In the core curriculum, students will find great opportunities to follow their interests, as well as discover new ideas and ways of viewing the world. The Signature Curriculum offers opportunities at the beginning, middle, and end of a student’s Augsburg education to engage in learning, dialogue, and reflection across the liberal arts and professional studies.
The Augsburg First Year
In making the transition to college and a new community, first-year weekday program students take the Augsburg Seminar and Engaging Minneapolis.
The Augsburg Seminar (or “AugSem” for short) provides first-year students, peer leaders, professors, and campus staff an opportunity to get to know each other by forming a learning community around an introductory seminar and linked companion course(s). The goals of the Augsburg Seminar may be summed up as “transition, connection, and reflection”:
- to facilitate your transition to college life
- to introduce and connect you to the larger Augsburg learning community
- to help you become a more self-reflective learner
Augsem (AUG 101) engages students in a variety of activities: a walk in the Cedar-Riverside neighborhood, a library orientation, diversity discussions, health and wellness reflections, field trips, and other activities aimed at preparing students for a successful and rich college experience.
In addition to AugSem, students typically take four other courses in their first semester, at least one of which is linked to AUG 101. In the AugSem companion courses, you may explore your academic interests as you fulfill requirements in the Augsburg Core and/or a major. At the same time, you may develop friendships with other students as you study together and discover what it means to be part of a learning community.
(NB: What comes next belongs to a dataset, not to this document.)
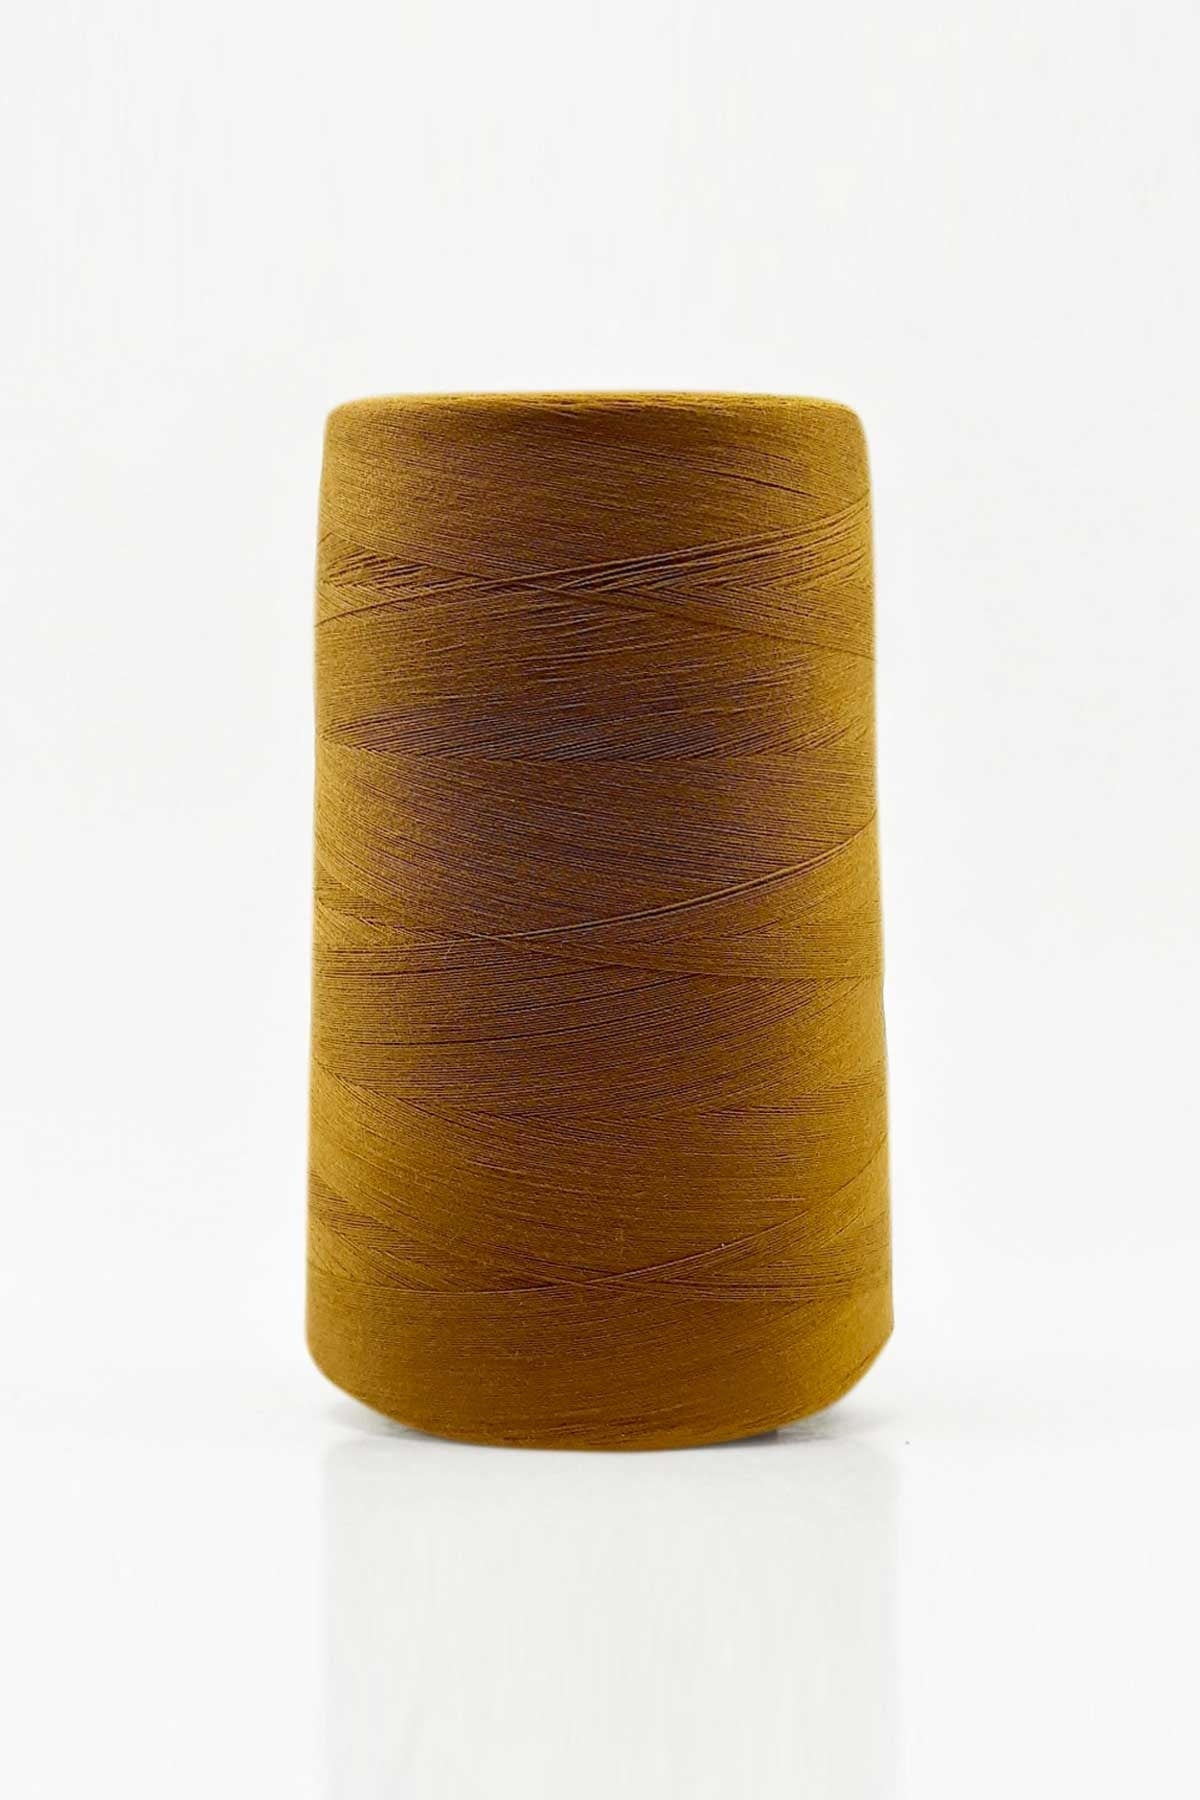 Madame Tricote Paris Cotton Cordonnet Thread Size: 26/6

Each Augsburg seminar is designed to help students “engage Minneapolis.” Augsburg is situated at the heart of a vibrant city. Within walking distance of the college, you can find scenic walking and bicycling paths along the Mississippi; the culturally rich and diverse Cedar/Riverside neighborhood; the Vikings and the Twins; the historic Milwaukee Avenue neighborhood; the locks and dams on the Mississippi River that help barges navigate from Minneapolis to the Gulf of Mexico and the world beyond; a global cuisine that includes African, Vietnamese, Chinese, Mexican, and Mediterranean restaurants, as well as the Chicago hotdog, pizza, and the classic hamburger.
Take the bus — or the Hiawatha light rail line — a few miles west and you will find the heart of the downtown: its centers of finance and business, historic churches, art museums and the sculpture garden, a world-class orchestra and theater. Cross the river and you will find another city, St. Paul, equally rich in a diverse cultural heritage, business and the arts. St. Paul is now easily accessible with the Green light rail line that runs just a few blocks north of campus.
Through specially designed Engaging Minneapolis experiences, Augsburg welcomes you to the Cities in which you will be studying, living, and working during your college years. Depending on which course you take, you might work in Campus Kitchens (engaging in service learning); test water samples in a chemistry class or turn the Mississippi River into a political science classroom (developing your skills of civic engagement); or explore the local arts scene (engaging with the cities’ cultural resources). Whatever you choose, your course will link experience with reflective learning as you connect the classroom and the Twin Cities.
Search for Meaning
Inspired by Viktor Frankl’s 1946 book Man’s Search for Meaning, which emphasizes the value of identifying a purpose in life, the Search for Meaning two-course sequence invites students to reflect on the University’s Lutheran heritage, explore the Christian tradition within a global context, gain literacy in the world’s major religious traditions, and articulate their own faith and values.
In REL 100, students explore Christian, Jewish and Muslim religious texts and traditions and develop an understanding of vocation and its meaning for their lives. This course is usually taken during a student’s first or second year.
After completing REL 100, students can choose REL 200 or another Religion course to fulfill their second Search for Meaning requirement. The options are exciting.
Adult undergraduate (AU) and transfer students entering with more than 52 semester credits complete only one Search for Meaning course: REL 100 (“Religion, Vocation and the Search for Meaning.”)
The Senior Keystone course provides a final opportunity to explore the central themes of an Augsburg education — vocation and the search for meaning in a diverse and challenging world. In Keystone courses, which are often interdisciplinary and paired across the liberal arts and professional studies majors, students will reflect upon the meaning of their educational experiences, explore their emerging understanding of vocation, and prepare for their lives after Augsburg.